--- START ---

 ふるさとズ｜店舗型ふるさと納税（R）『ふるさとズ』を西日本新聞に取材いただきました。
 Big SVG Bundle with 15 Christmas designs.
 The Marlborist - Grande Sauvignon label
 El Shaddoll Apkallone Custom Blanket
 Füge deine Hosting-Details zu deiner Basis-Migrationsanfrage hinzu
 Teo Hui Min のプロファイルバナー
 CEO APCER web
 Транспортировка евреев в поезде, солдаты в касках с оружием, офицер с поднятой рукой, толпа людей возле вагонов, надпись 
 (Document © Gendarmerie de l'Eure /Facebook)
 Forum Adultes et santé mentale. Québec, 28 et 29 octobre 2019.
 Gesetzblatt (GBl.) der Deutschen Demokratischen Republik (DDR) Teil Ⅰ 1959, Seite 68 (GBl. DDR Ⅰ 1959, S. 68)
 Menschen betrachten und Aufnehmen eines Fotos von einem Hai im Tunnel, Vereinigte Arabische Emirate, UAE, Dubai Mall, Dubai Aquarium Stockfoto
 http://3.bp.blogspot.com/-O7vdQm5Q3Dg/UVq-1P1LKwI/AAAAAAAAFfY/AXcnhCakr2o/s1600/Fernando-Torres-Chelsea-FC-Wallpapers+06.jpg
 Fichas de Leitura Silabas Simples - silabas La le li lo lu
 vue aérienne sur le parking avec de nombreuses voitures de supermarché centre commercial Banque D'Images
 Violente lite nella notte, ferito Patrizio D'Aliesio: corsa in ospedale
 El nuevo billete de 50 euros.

--- END ---

## Exercise objective
Write the listing out again, word for word, in its entirety.

## Written response
 ふるさとズ｜店舗型ふるさと納税（R）『ふるさとズ』を西日本新聞に取材いただきました。
 Big SVG Bundle with 15 Christmas designs.
 The Marlborist - Grande Sauvignon label
 El Shaddoll Apkallone Custom Blanket
 Füge deine Hosting-Details zu deiner Basis-Migrationsanfrage hinzu
 Teo Hui Min のプロファイルバナー
 CEO APCER web
 Транспортировка евреев в поезде, солдаты в касках с оружием, офицер с поднятой рукой, толпа людей возле вагонов, надпись 
 (Document © Gendarmerie de l'Eure /Facebook)
 Forum Adultes et santé mentale. Québec, 28 et 29 octobre 2019.
 Gesetzblatt (GBl.) der Deutschen Demokratischen Republik (DDR) Teil Ⅰ 1959, Seite 68 (GBl. DDR Ⅰ 1959, S. 68)
 Menschen betrachten und Aufnehmen eines Fotos von einem Hai im Tunnel, Vereinigte Arabische Emirate, UAE, Dubai Mall, Dubai Aquarium Stockfoto
 http://3.bp.blogspot.com/-O7vdQm5Q3Dg/UVq-1P1LKwI/AAAAAAAAFfY/AXcnhCakr2o/s1600/Fernando-Torres-Chelsea-FC-Wallpapers+06.jpg
 Fichas de Leitura Silabas Simples - silabas La le li lo lu
 vue aérienne sur le parking avec de nombreuses voitures de supermarché centre commercial Banque D'Images
 Violente lite nella notte, ferito Patrizio D'Aliesio: corsa in ospedale
 El nuevo billete de 50 euros.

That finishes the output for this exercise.